Colin Cameron, Jonah B. Gelbach, and Douglas L. Miller (2008),
"BOOTSTRAP-BASED IMPROVEMENTS FOR INFERENCE WITH CLUSTERED ERRORS", The
Review of Economics and Statistics, 90(3): 414-427 (and I had pointed
her specifically to appendix B in that article)
good luck,
Rich
Here is the code: (watch for wrapped lines; you can identify such a line
if the first character on the left is not a ">"; if any, join that line
to the end of the preceding line)
> *Let's assume that we have the regression
>
> cscript
> sysuse auto
> drop if rep == .
> regress mpg disp turn, cluster(rep)
>
> *and the null hypothesis H0: _b[displacement] = 0.1
>
> ***********
> * Step 1: *
> ***********
> *Step 1-1) Compute w (if my t_0 was 0, it would be the t from the
table).
>
> regress mpg disp turn, cluster(rep)
> local w = (_b[displacement] - .1)/ _se[displacement]
> di "`w'"
>
> *Step 1-2) fit the restrained constraint
>
> constraint 1 displacement = .1
> cnsreg mpg disp turn, constraint(1)
> mat bR = e(b)
> predict uR , residuals
> predict xbR, xb
> *I have one long vector of residuals uR
> *I also have the restricted linear prediction xbR
>
>
>
> ************
> * Step 2a: *
> ************
> *Form a sample of clusters
>
> *Step 2a-1: generate the weights a_g, which are unique to each
> *cluster
>
> sort rep
> gen ag = cond(runiform()<.5, -1, 1)
> by rep: replace ag = ag[1]
> list rep ag, sepby(rep)
>
> *setp 2a-2: generate uRstar
> gen uRstar = uR*ag
>
> *step 2a-3: generate yhatstar
> gen yhatstar = xbR + uRstar
>
> ***********
> * Step 2b: *
> ***********
> *compute wstar, the same way as in step 1, but using yhatstar
> *instead of y (mpg).
>
> regress yhatstar disp turn, cluster(rep)
> local wstar = (_b[displacement] - .1)/ _se[displacement]
>
>
> ***********
> * Step 3 *
> ***********
>
> *I need to repeat the previous process B times (you can check
> *if there is a recommended number of replications in the article)
> *I will use B = 100
>
> program getwstar, rclass
> *I am using external variables rep, uR, xbR, disp and turn
> tempvar ag uRstar yhatstar
> gen `ag' = cond(runiform()<.5, -1, 1)
> bysort rep: replace `ag' = `ag'[1]
>
> gen `uRstar' = uR*`ag'
> gen `yhatstar' = xbR + `uRstar'
> regress `yhatstar' disp turn, cluster(rep)
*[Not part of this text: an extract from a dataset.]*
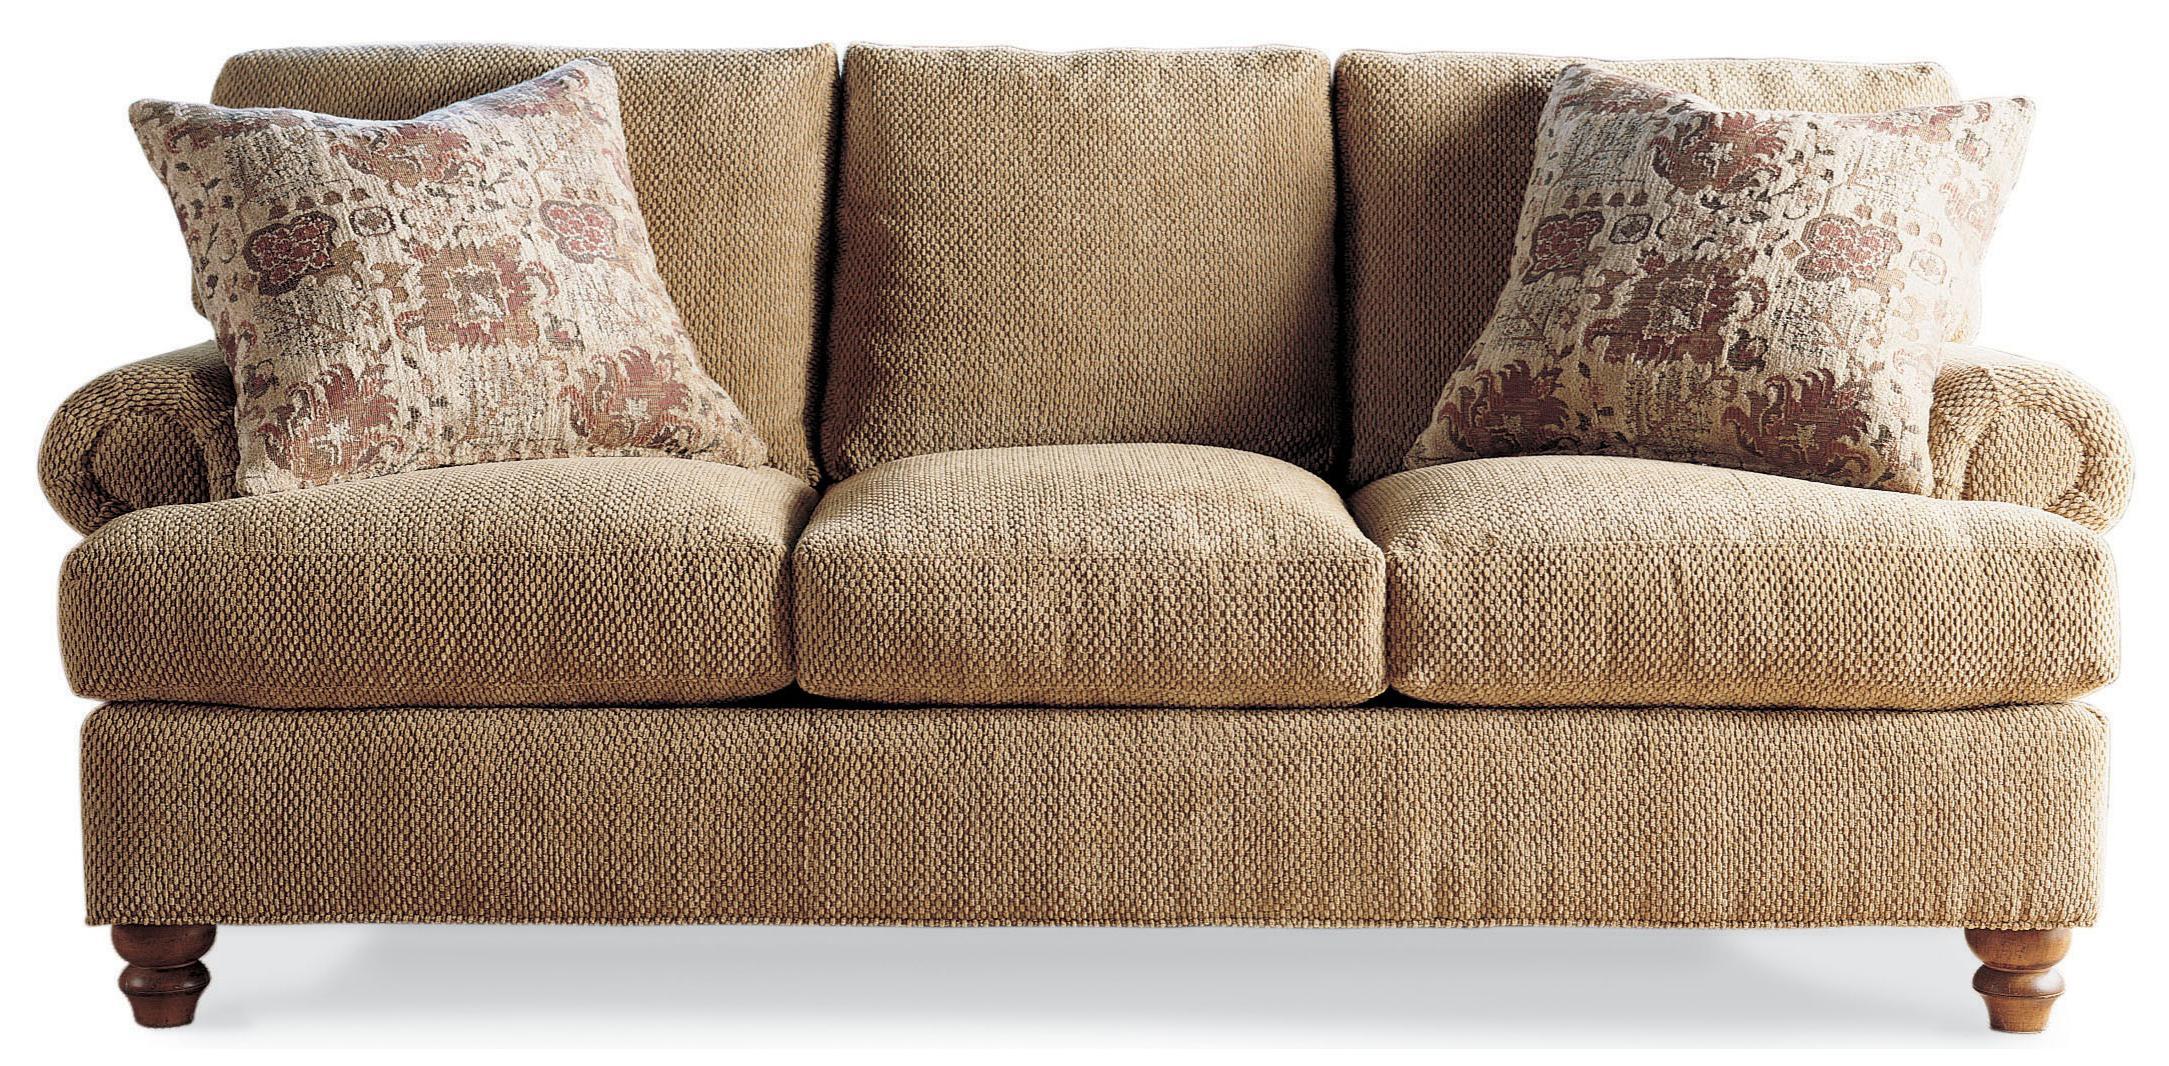 Exceptional Drexel Drexel Heritage UpholsteryMcDermott Sofa ...

> return scalar wstar = (_b[displacement] - .1)/ _se[displacement]
> end
>
> getwstar
> return list
>
> *now I need to get the 100 values of wstar, and compare w with
> *quantiles of wstar.
>
> simulate wstar = r(wstar), reps(100) saving(wstar_file, replace):
getwstar
> use wstar_file, clear
>
> _pctile wstar, p(2.5, 97.5)
> return list
>
> display `w'
>
> if (`w'<r(r1))| `w'> r(r2){
> local mytest "Reject H0"
> }
> else{
> local mytest "Don't reject H0"
> }
>
> display "******** `mytest' **********"
On 3/28/13 8:19 AM, [email protected] wrote:
> Hi all,
>
> I'd like to implement a stata routine that computes SEs based on a
> "wild cluster bootsrap" procedure (Cameron, Gelbach, Miller (ReStat
> 2008)).
>
> Any ideas?
>
> I have found a procedure here http://www.ifs.org.uk/publications/6231,
> but it does not compute SEs, but rather only p values.
>
> Thanks in advance for any help!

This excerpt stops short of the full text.